说完那扇木门再次出现在了我眼前,她走到阿奎的面前摸了摸她的苍白脸颊:“是救,还是不救,就看你自己了。”
事急从权,我连思考都不想思考直接咬紧牙便走进了那道木门里。
转眼间,来到了一个令我无比熟悉的地方,仔细一看,这不是我老家吗,看着眼前这一切,我心中不禁酸了起来,刚走到围墙的时候,这瓦砖切成的简陋房屋下便传出了撕心裂肺的哭喊声。
我顺着声音走了过去,一名成年男子,正拿着非常粗大的棍子打着一个男孩,那是我,小时候的我,而打我的这名男子,是我的舅舅,只见他一边打一边骂道:“没人要的杂种,花钱给你读书你不好好学习,今天家长会老师又点我名了,你让老子脸往哪儿搁?!”说着再次敲下了一棒。
只见他越打越来气,恨不得将儿时的我打死一样,他高高举起那一棒对准了我的背部,突然一个巨大的身躯挡在我身后只听见“崩”的一声,那一棒打在了我舅妈身上,突然扑过来保护我的舅妈将我救了下来,这才让舅舅停下了手。

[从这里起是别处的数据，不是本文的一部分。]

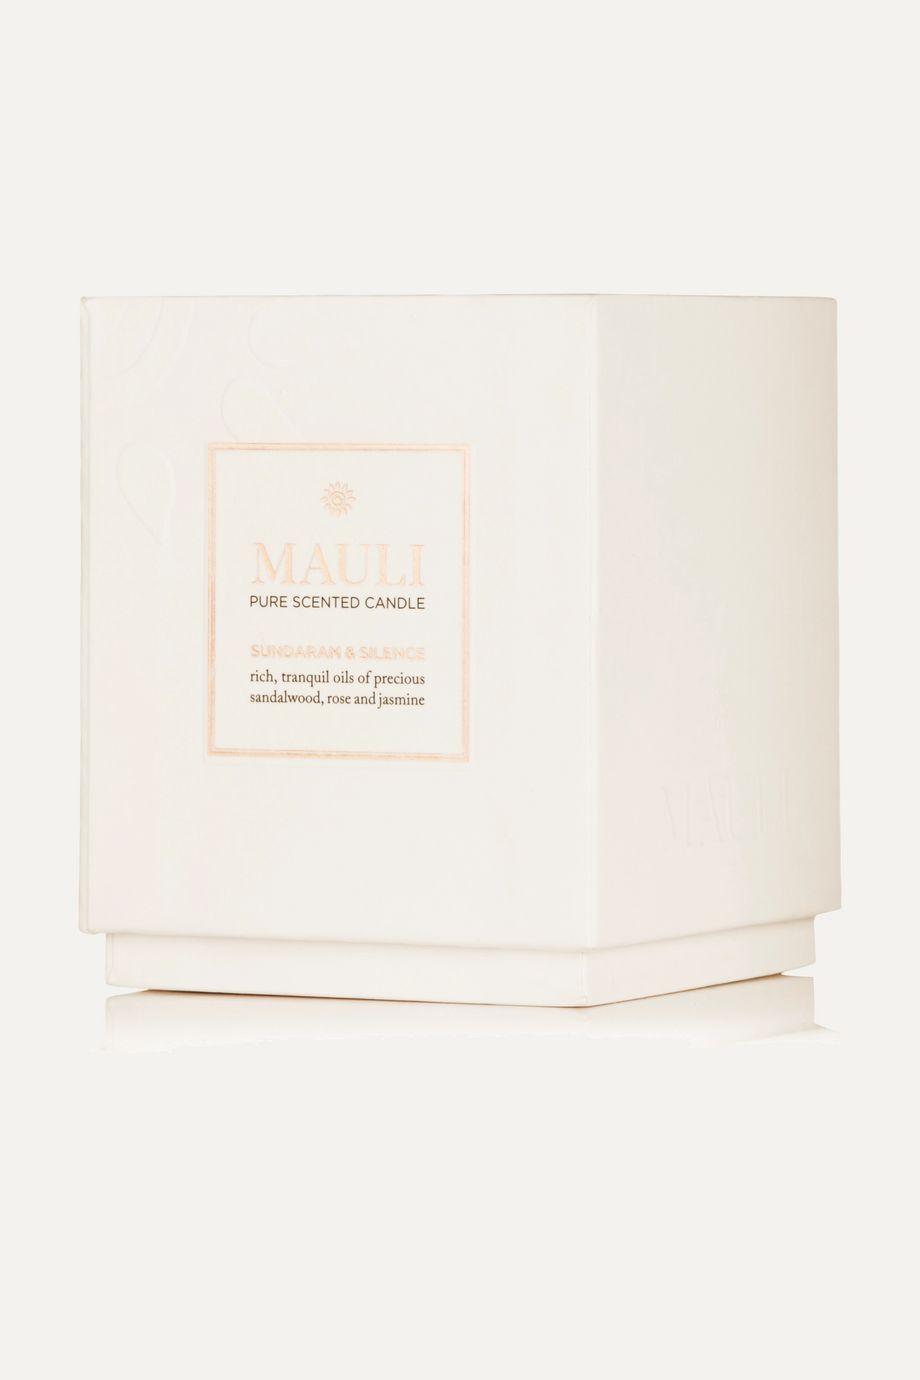 Mauli Rituals Sundaram & Silence scented candle, 210g
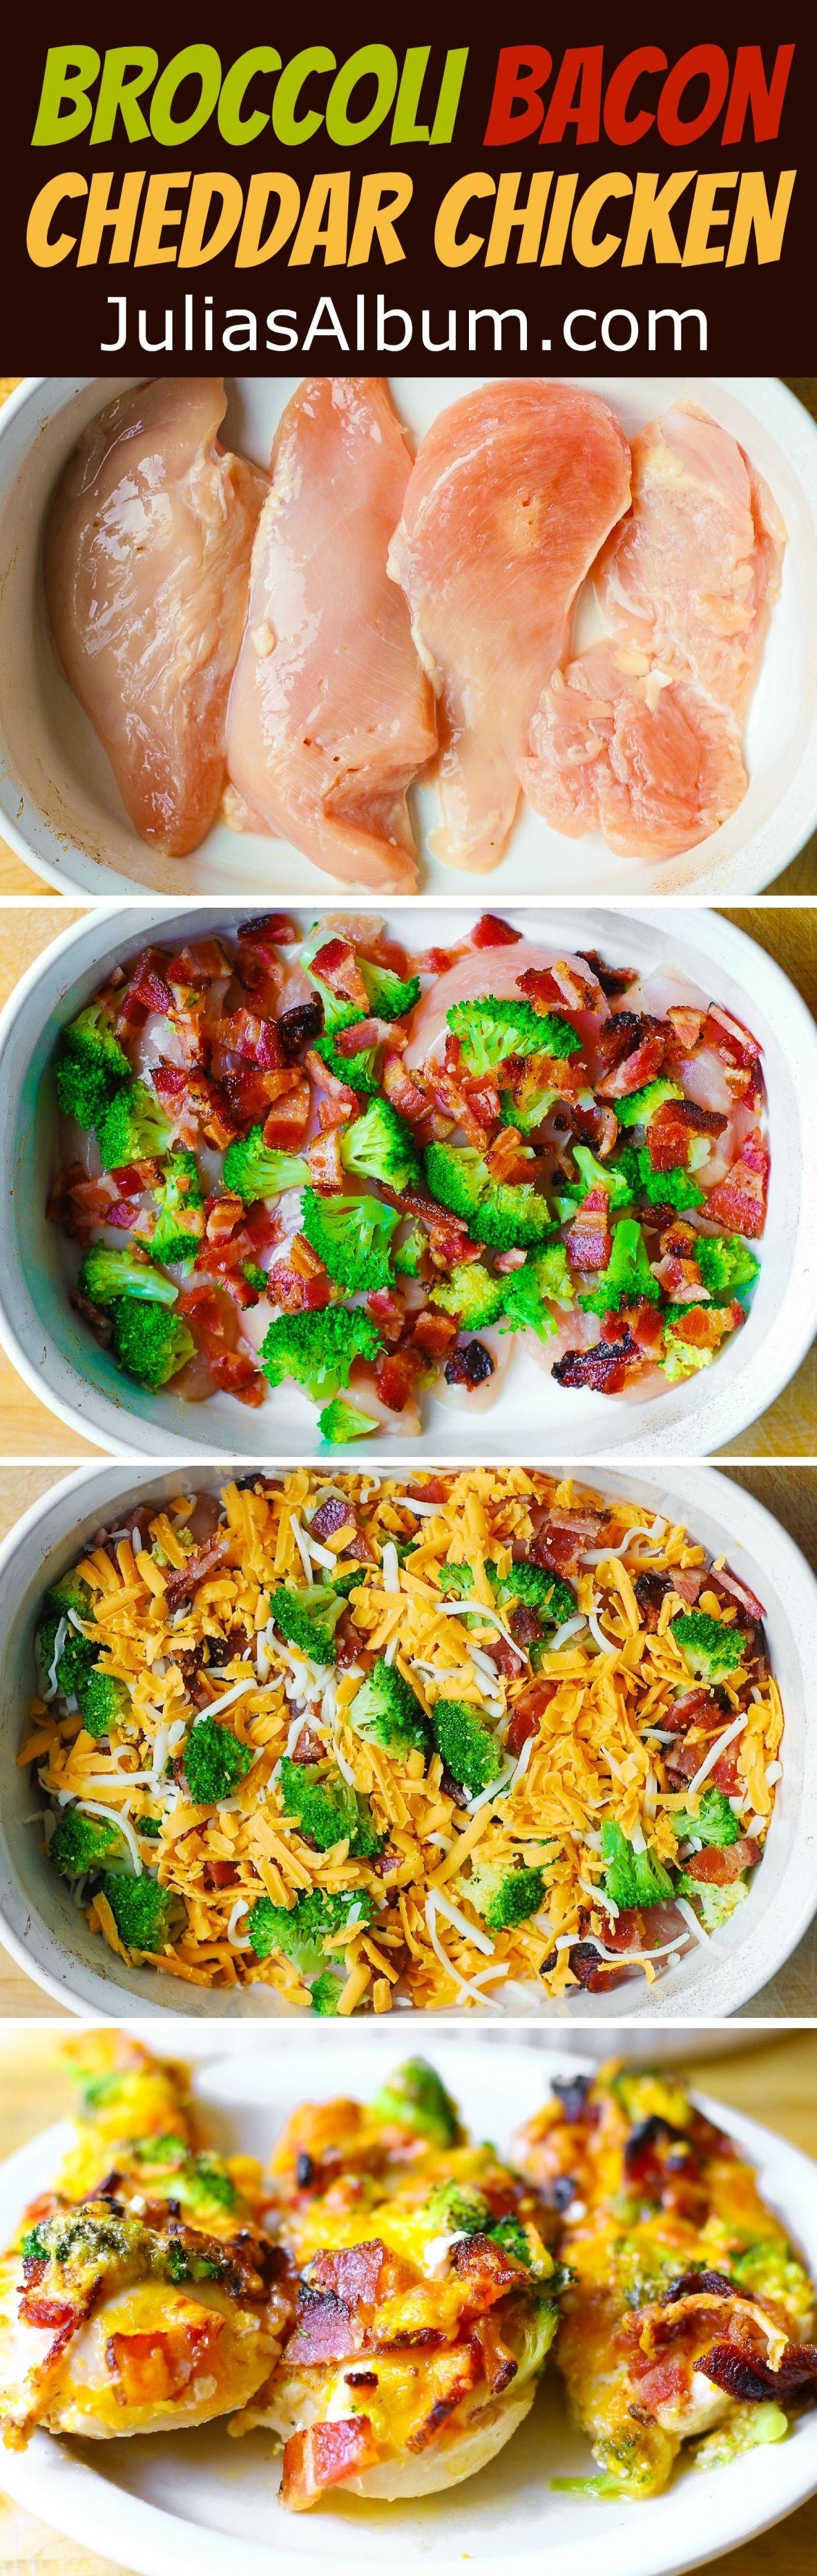 Broccoli Bacon Cheddar Chicken Recipe Keto Pinterest Recipes

在这个家庭里,除了我以外,有舅舅,我舅妈,我姥姥,还有那个比我大两岁的舅舅儿子,他叫冷伟志,他的爸爸,是我从小到大的阴影,我最害怕的人。
我还没出生的时候,那个男人就拿着我妈的所有钱跑路了,刚出生的当天,姥爷也去世了,一生下来就被当成是灾星,等我到了四岁,我妈生意一直做不好,整日嗜酒如命,最后将我丢给舅妈他们独自外出工作了,直到现在,那个男人长什么样,姓什么,叫什么,哪里人,我都不知道,我也有问过,但是大家都避而不谈。
这个家庭里已经有一个儿子了,加上比较贫困的条件,再养个人无非是多了条累赘,所以我自小就患有自闭症,不喜欢人多的地方,读书的时候总是被欺负,上课的时候担心放学后被打,一直心惊胆战,什么东西我都几乎学不进去。
这天被打了一顿后,我躲在房间里一直不敢出去,只是开着台灯拿着作业本假装写作业发呆,本子已经被泪水打湿了有一半了,但是我又不敢哭出声,生怕被听见了再遭一顿毒打。
到了晚饭时间,我也依旧不敢出去吃饭,舅舅在门外破口大骂着:“这种没出息的东西饿死最好,别吃更好,省了下一顿!”
而志伟,我一般直接叫他哥哥,他与他爸完全不一样,他性格温和许多,趁着父亲出去打牌给我打了碗饭菜送进了房间,我大口的吃了起来,他坐在床边看了看我问道:“今天又被打了吗?”